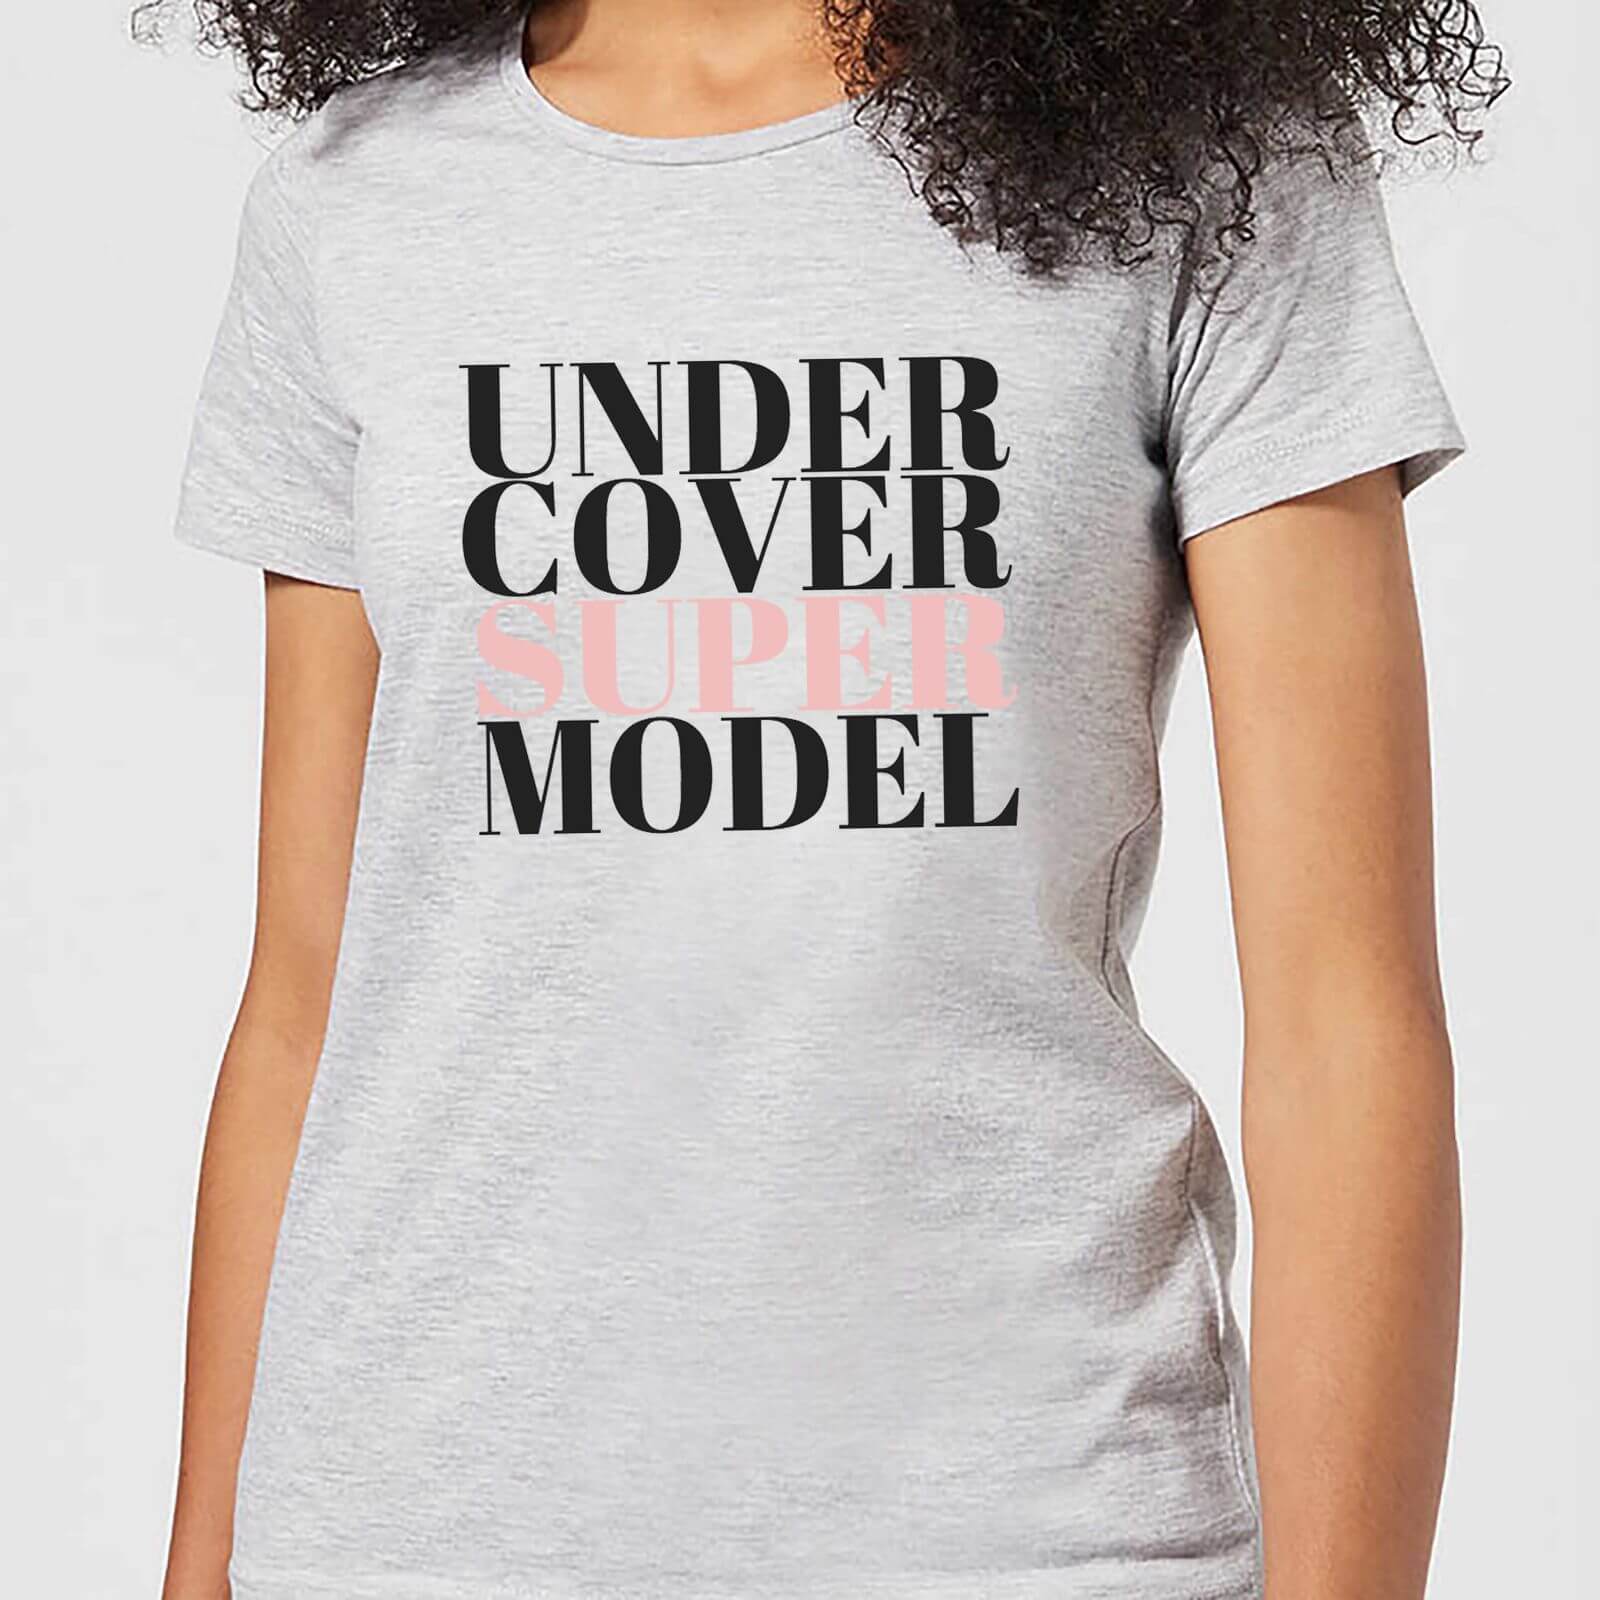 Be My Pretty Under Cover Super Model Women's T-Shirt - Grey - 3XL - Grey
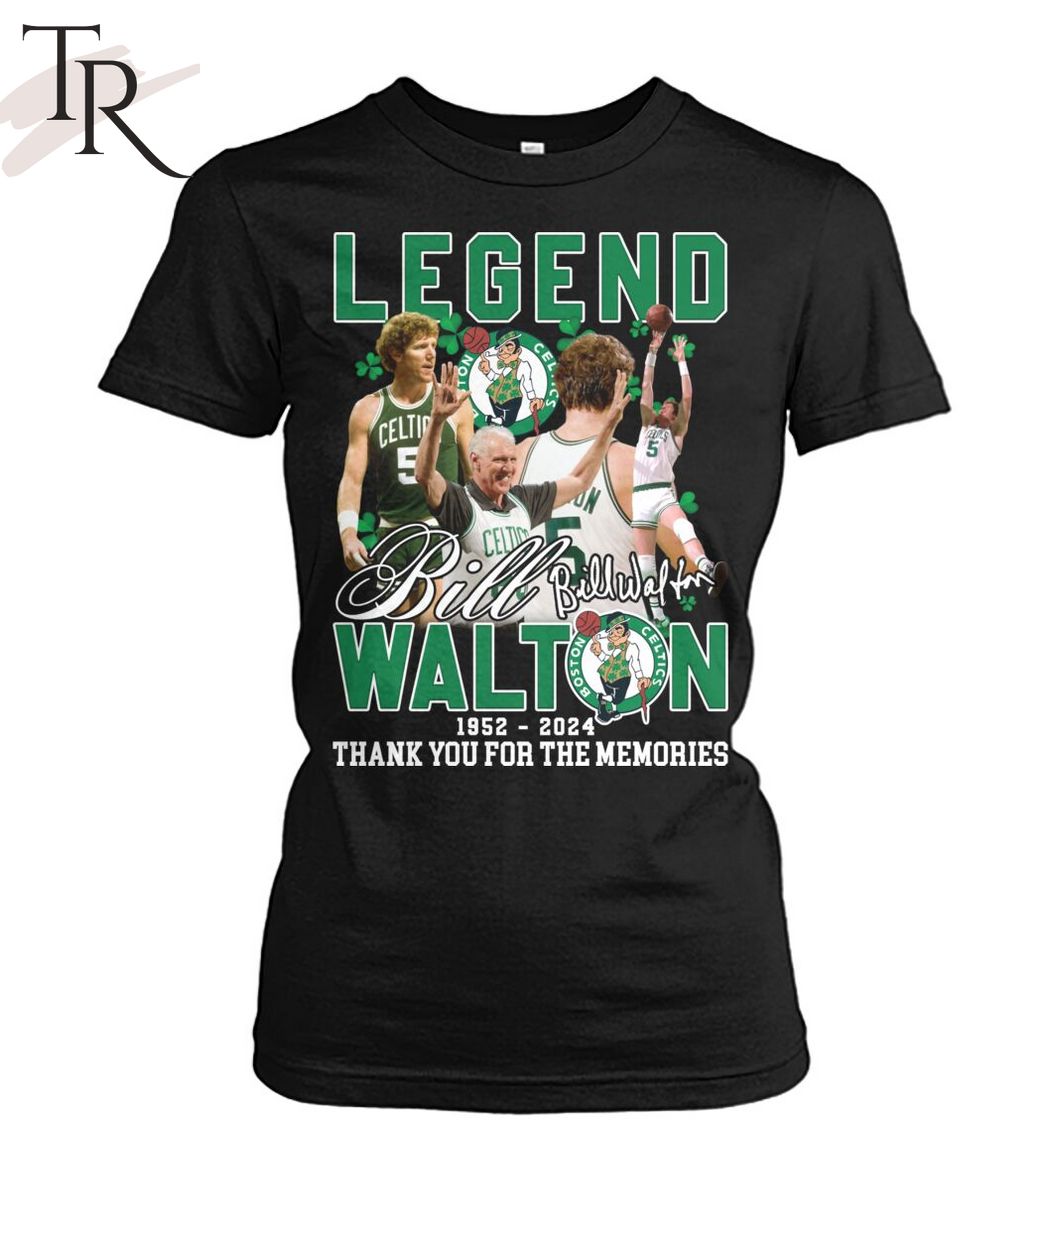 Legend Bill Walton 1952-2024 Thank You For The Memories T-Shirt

* * *

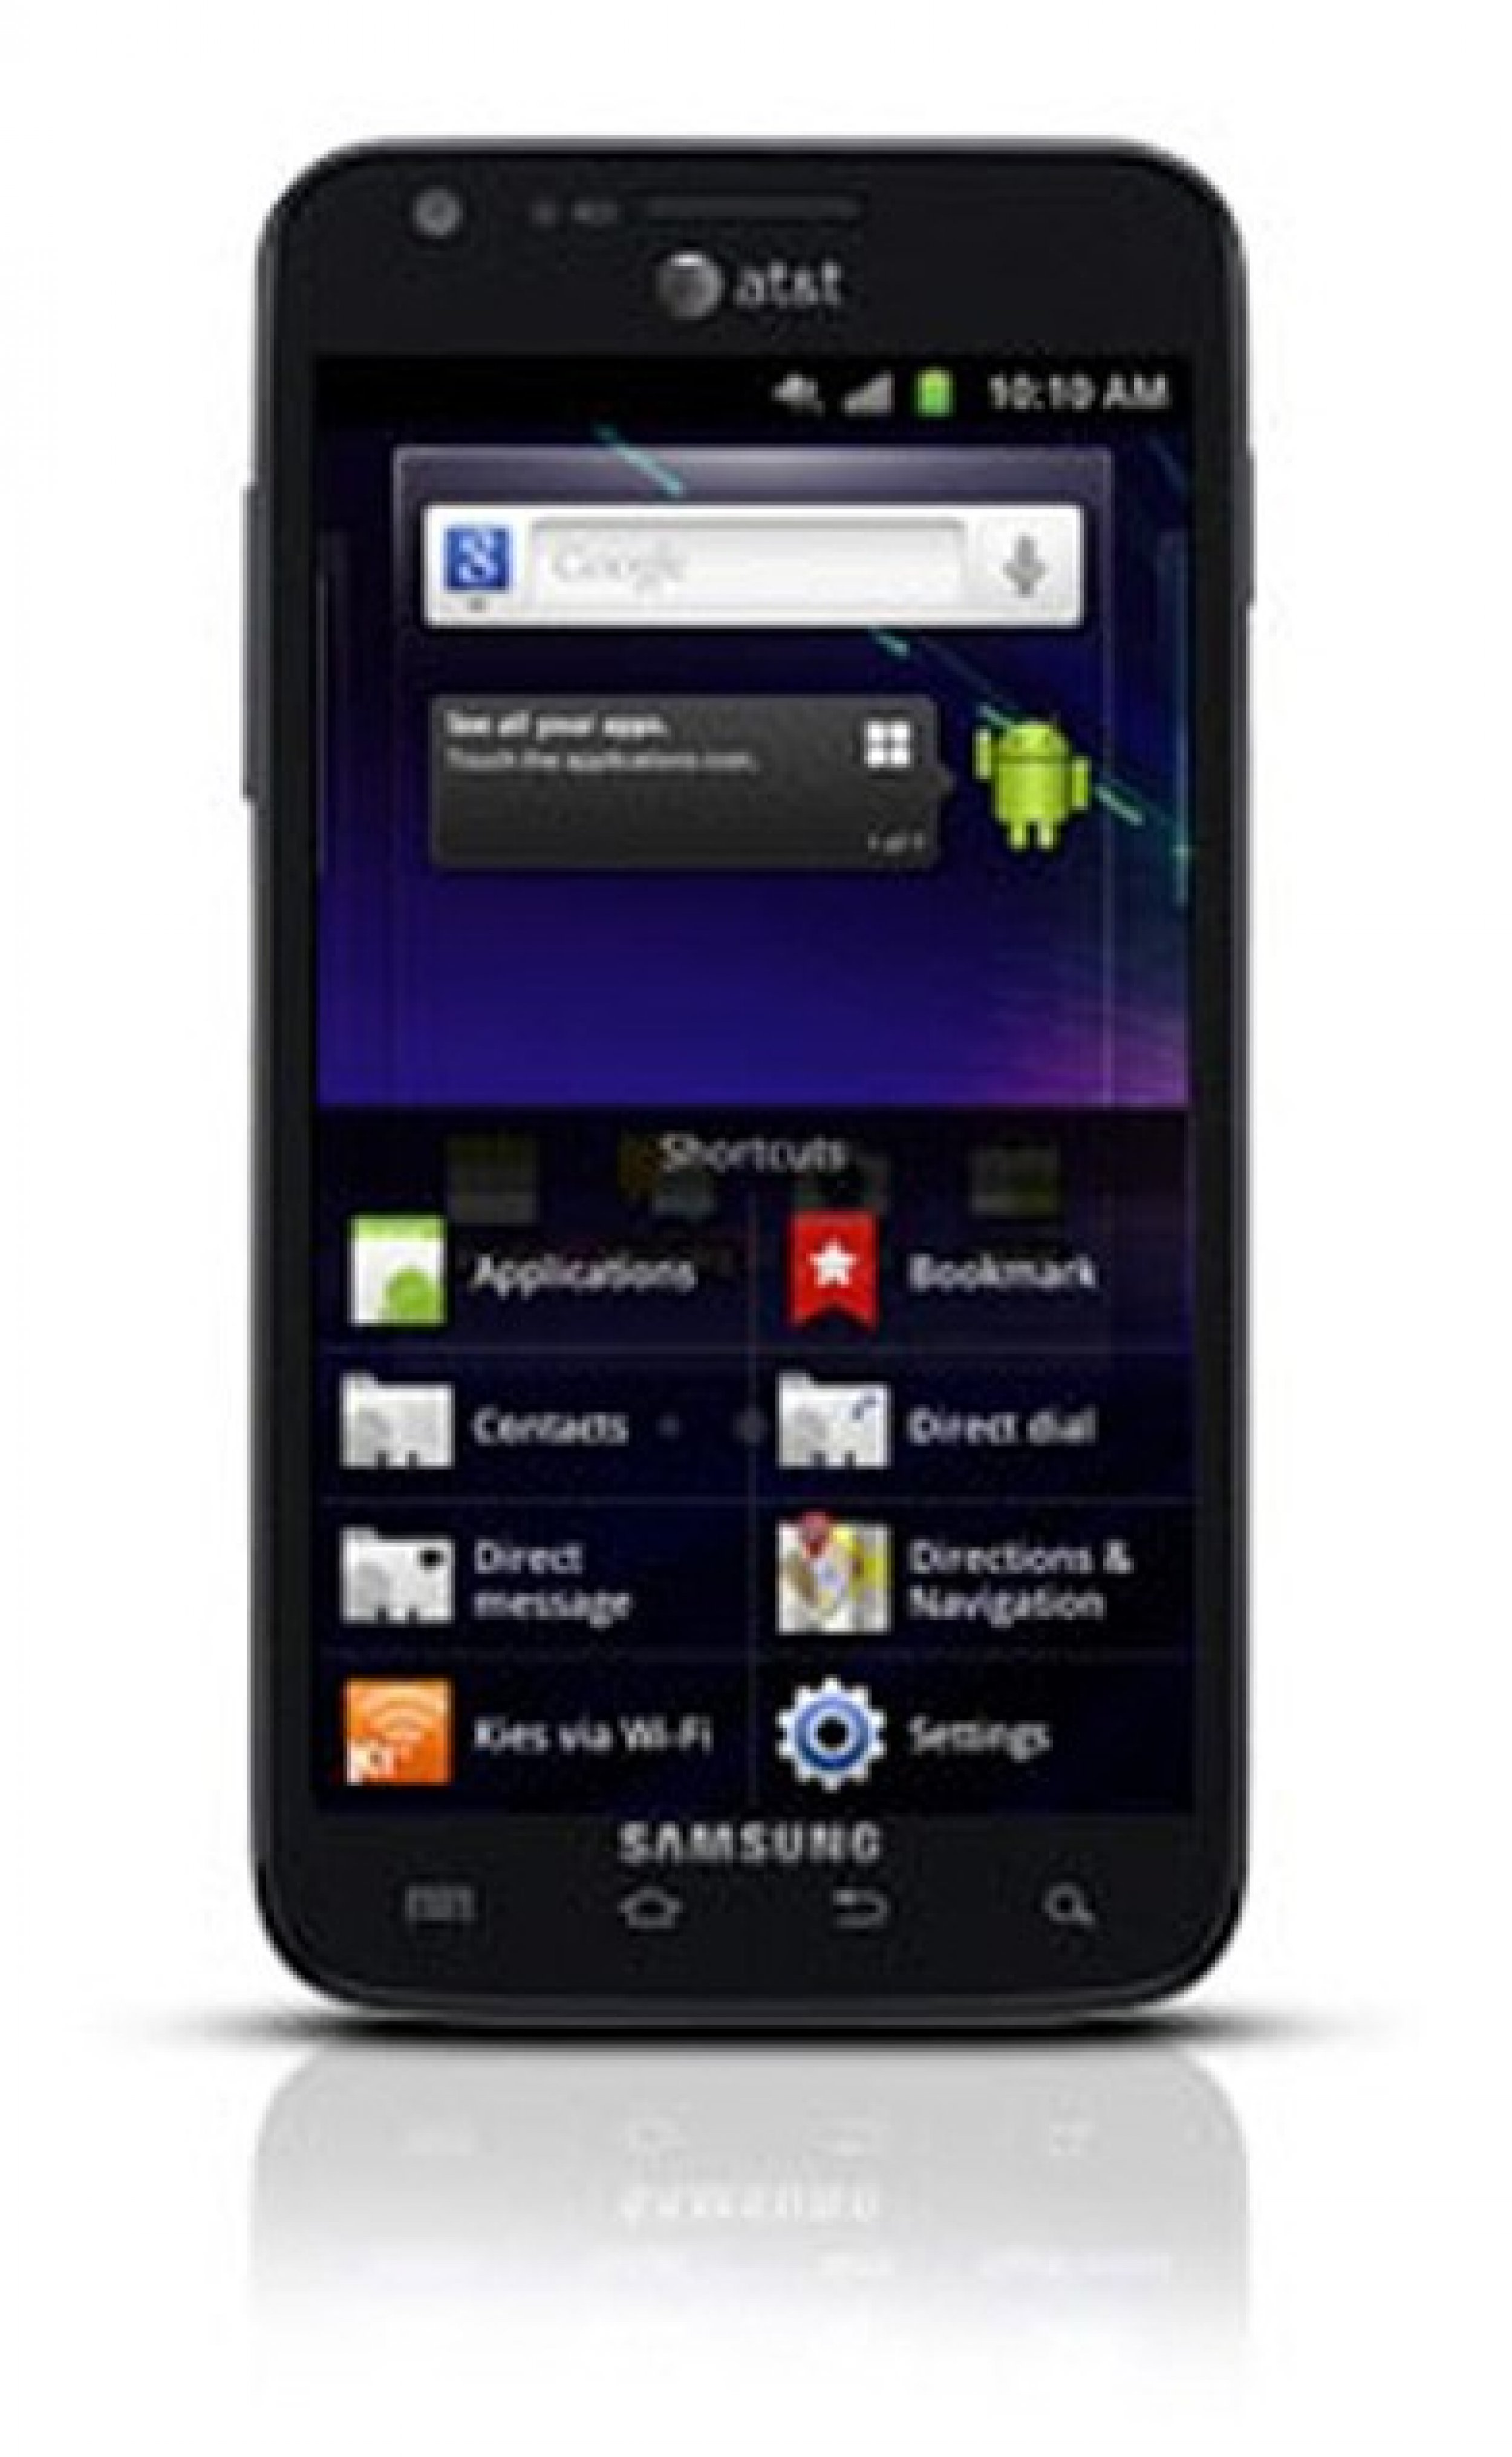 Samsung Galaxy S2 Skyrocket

• WHAT YOU NEED TO DO: Although pictures appear among the records above, none are to be output; print exactly the lines from the line containing "Be My Pretty" through the line containing "Legend Bill Walton".

• SOLUTION TO THIS EXERCISE:
 Be My Pretty Under Cover Super Model Women's T-Shirt - Grey - 3XL - Grey
 Legend Bill Walton 1952-2024 Thank You For The Memories T-Shirt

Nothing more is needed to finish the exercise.